### WHAT IS NEEDED
Pictures are not part of the answer. Return the lines from the one containing "Thanh treo rèm" through the end of the data, both included, exactly as they appear.

#### DATASET SECTION ####

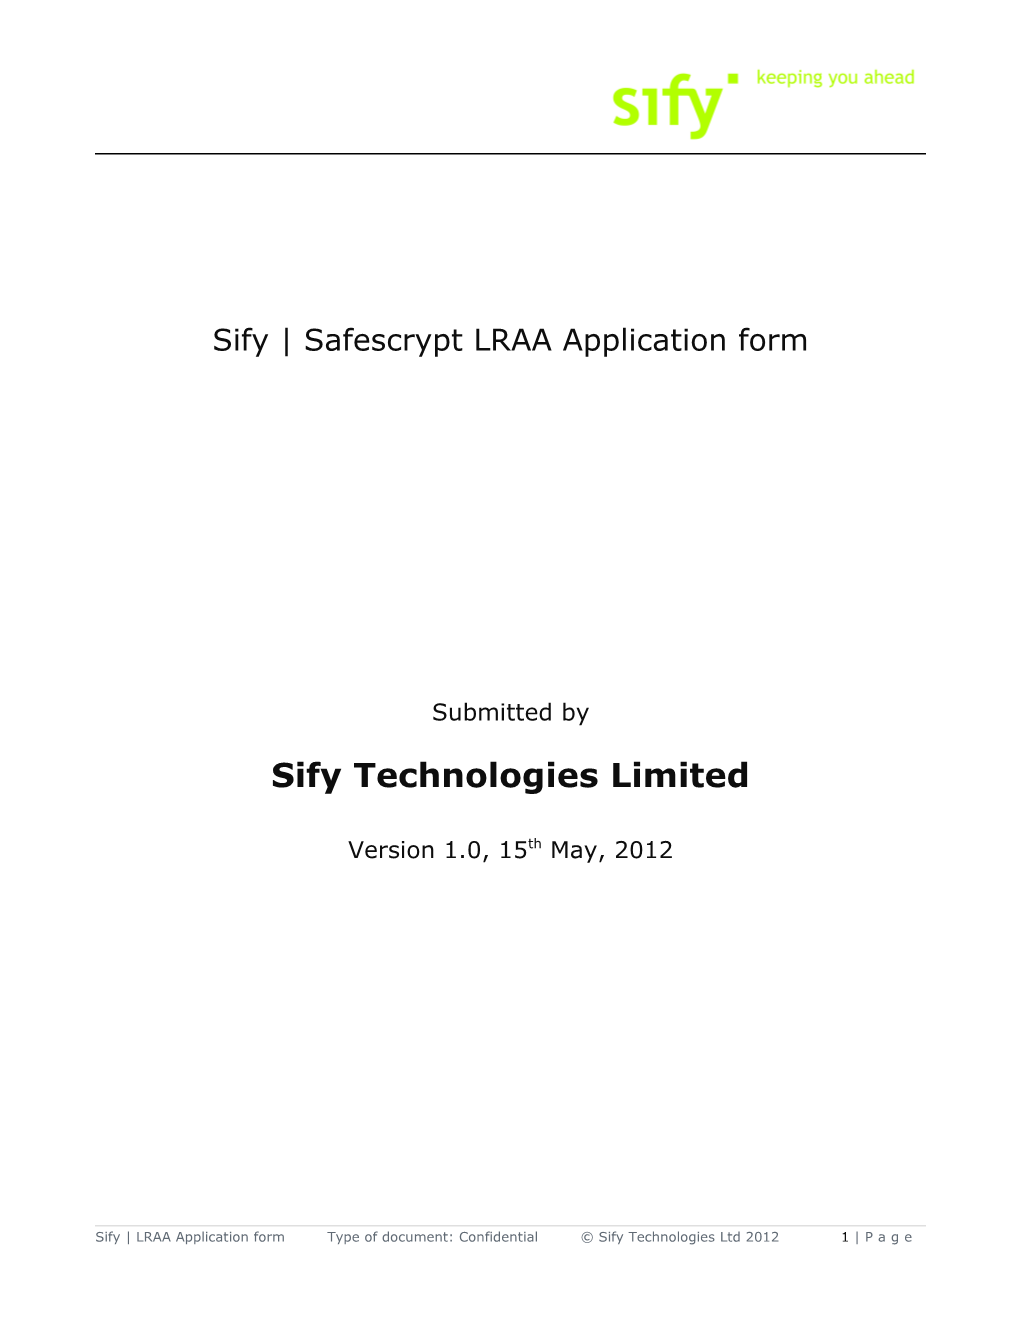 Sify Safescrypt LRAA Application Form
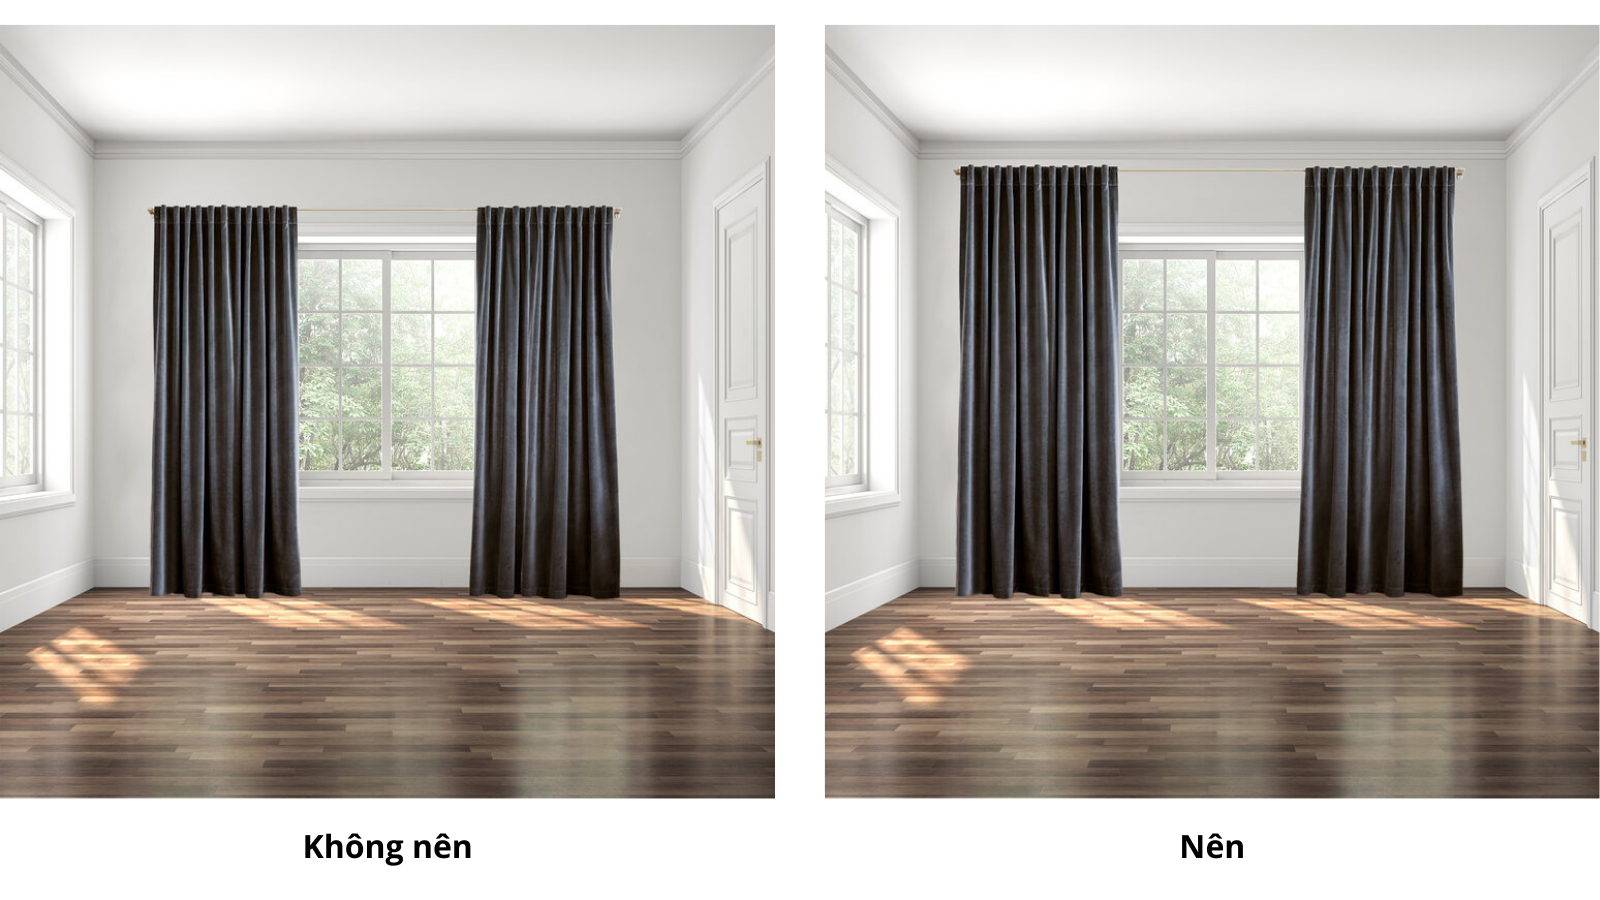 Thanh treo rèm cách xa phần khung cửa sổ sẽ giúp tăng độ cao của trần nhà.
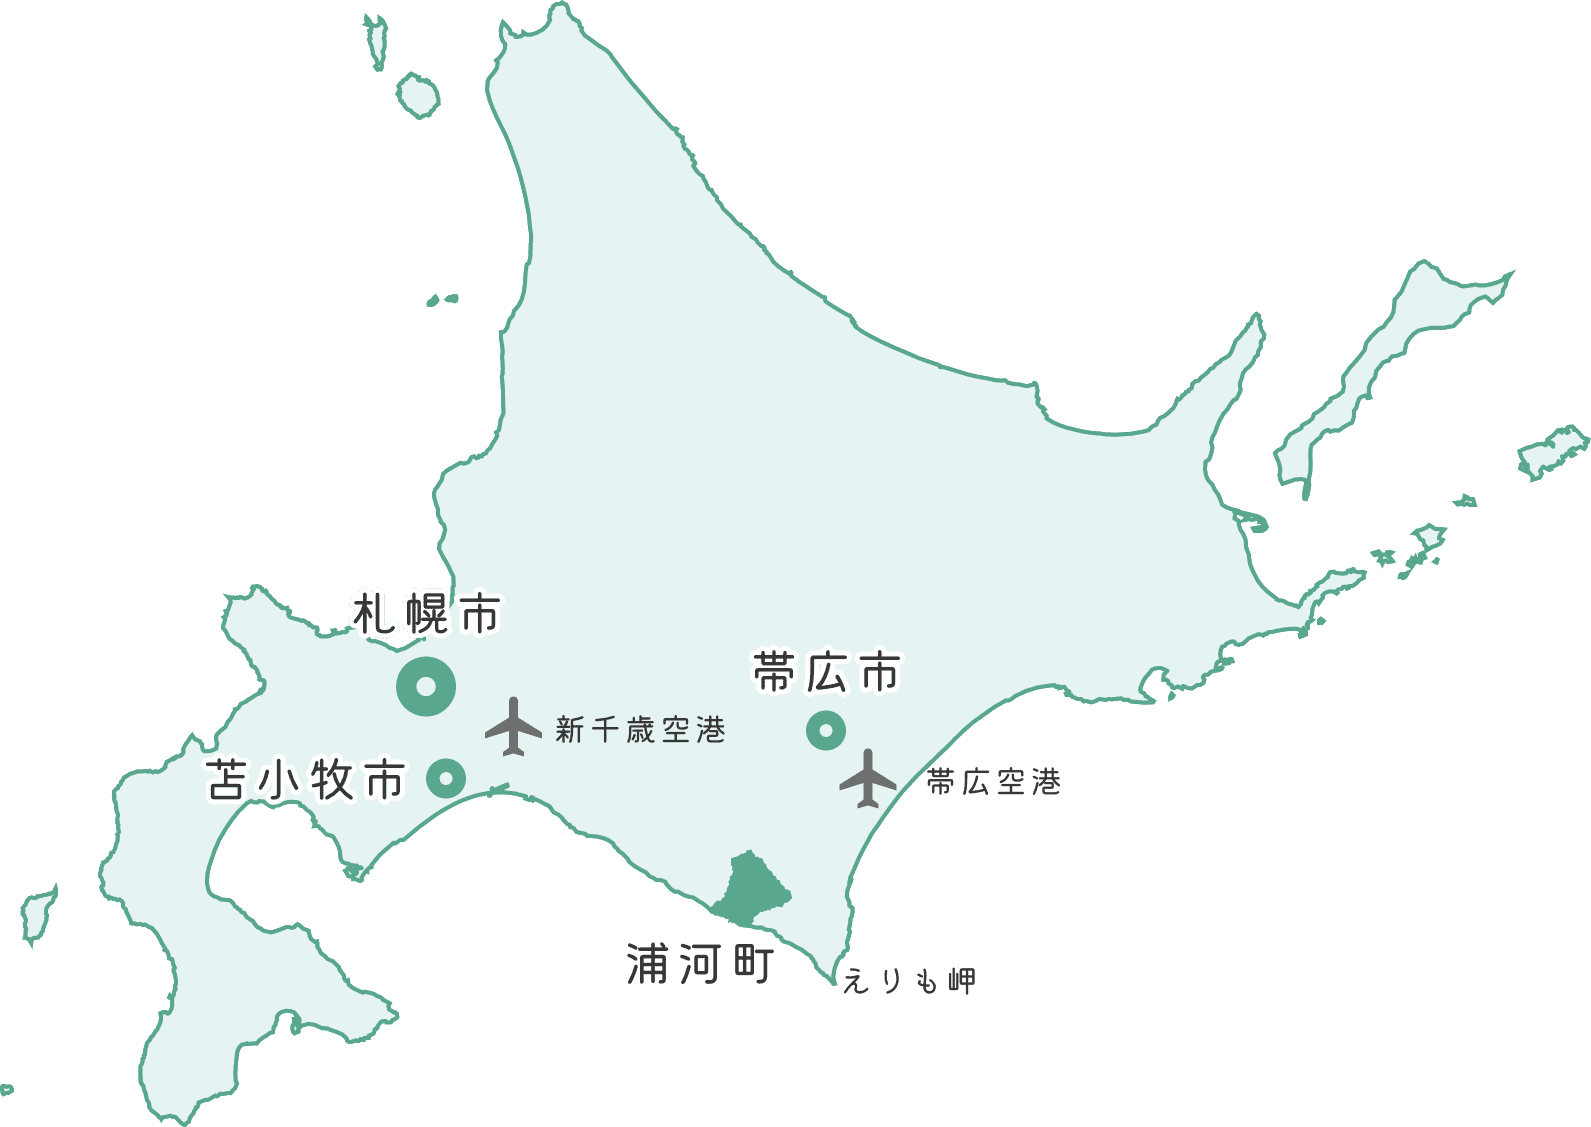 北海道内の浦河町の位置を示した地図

####

### RESPONSE BELOW
 Thanh treo rèm cách xa phần khung cửa sổ sẽ giúp tăng độ cao của trần nhà.
 北海道内の浦河町の位置を示した地図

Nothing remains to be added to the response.